Table [tab:32ablation95adv] shows the average SI-SDR, wideband PESQ, and Extended Short-Time Objective Intelligibility (ESTOI) [25] scores for the matched DNS3 dataset and the mismatched datasets. First, it can be observed that for all datasets that compared to classical fine-tuning, adversarial training provides a much larger performance benefit for the baseline DCCRN-VAE (systems (2) and (3)) than for the proposed I-DCCRN-VAE (systems (4) and (5)). This can be explained by the difference in the estimated clean speech between DCCRN-VAE and I-DCCRN-VAE before CVAE fine-tuning. Due to posterior collapse, the speech quality of the DCCRN-VAE is rather poor before fine-tuning; the discriminator can easily distinguish between estimated speech and true clean speech, making adversarial training highly effective. In contrast, since the proposed I-DCCRN-VAE learns informative pretrained latent spaces and already produces high-quality speech before fine-tuning, adversarial training does not bring a large benefit. This is a significant advantage, as classical fine-tuning avoids the convergence and sensitivity issues that are common to adversarial training.
Finally, we compare the speech enhancement performance of the proposed I-DCCRN-VAE (systems (4) and (5)) with DCCRN (system (1)) and DCCRN-VAE using adversarial training (system (3)). On the matched DNS3 dataset, it can be observed that the baseline DCCRN and DCCRN-VAE achieve slightly better SI-SDR or PESQ scores than the I-DCCRN-VAE. However, for both considered mismatched datasets, the proposed I-DCCRN-VAE consistently achieves the best performance in terms of all metrics. Specifically, on the WSJ0-QUT dataset, the I-DCCRN-VAE improves upon baselines by around 1.7 dB in SI-SDR, 0.1 in PESQ, and 0.03 in ESTOI. On the VB-DMD dataset, the respective improvements are 0.6 dB in SI-SDR, around 0.06 in PESQ, and 0.02 in ESTOI. This demonstrates the improved generalization ability of the proposed I-DCCRN-VAE.
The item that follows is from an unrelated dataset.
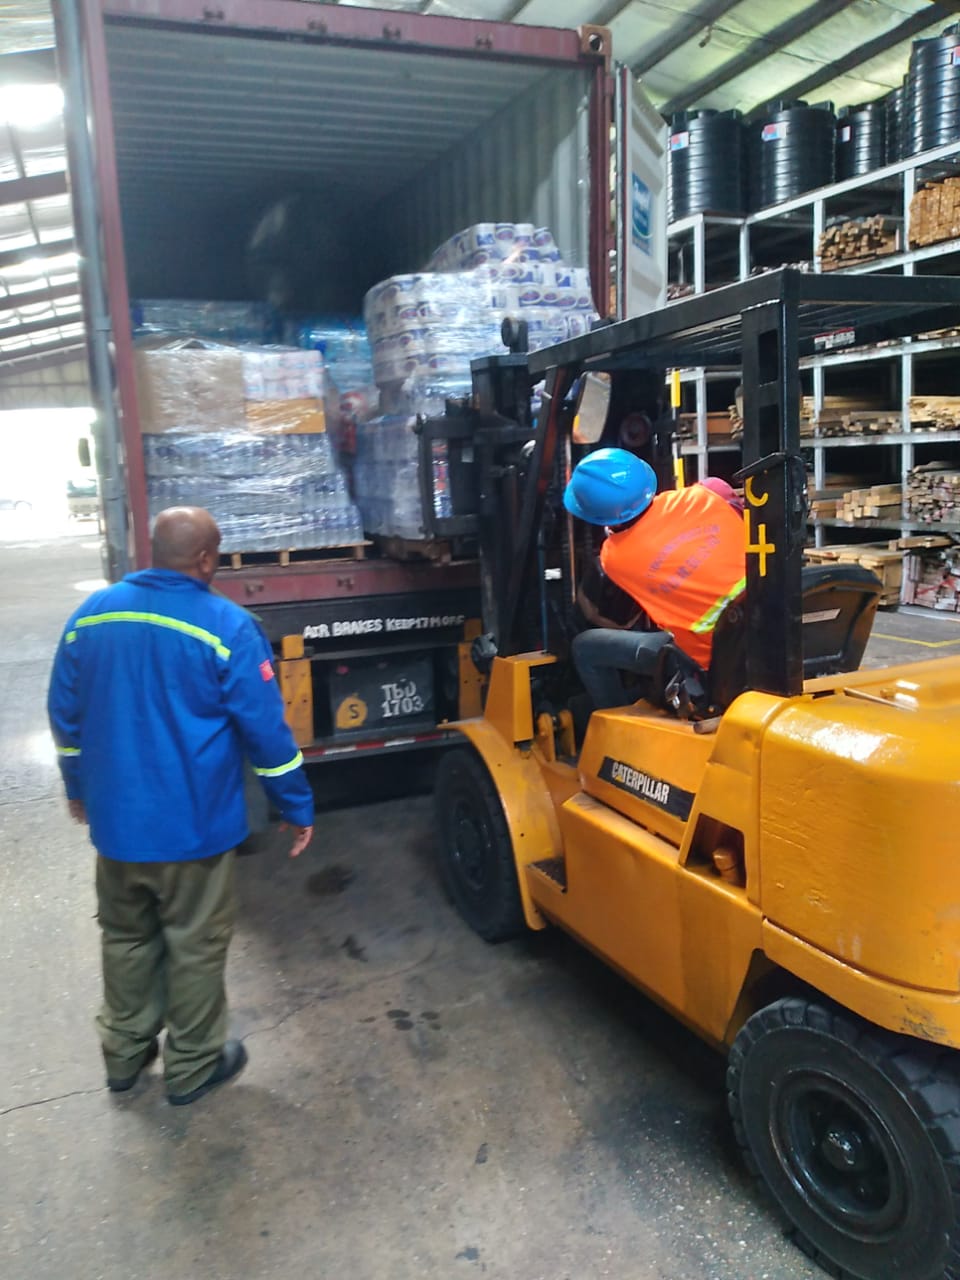 Bhagwansingh dispatched a container with water, food items and medical supplies to SVG

This paper proposed the I-DCCRN-VAE for complex VAE-based single-channel speech enhancement, which improves the DCCRN-VAE. We demonstrate that three key modifications are crucial for improvement: 1) removing skip connections in the pretrained VAEs to avoid posterior collapse; 2) using \(\beta\)-VAE in pretrained VAEs to better balance reconstruction and latent space regularization; and 3) the NSVAE generating both speech and noise representations for better speech extraction. Experiments show that the I-DCCRN-VAE achieves comparable performance to baselines on the matched dataset but consistently better performance on two mismatched datasets, demonstrating better generalization. Especially, the I-DCCRN-VAE achieves the performance even with classical fine-tuning, not adversarial training, leading to a simplified training pipeline.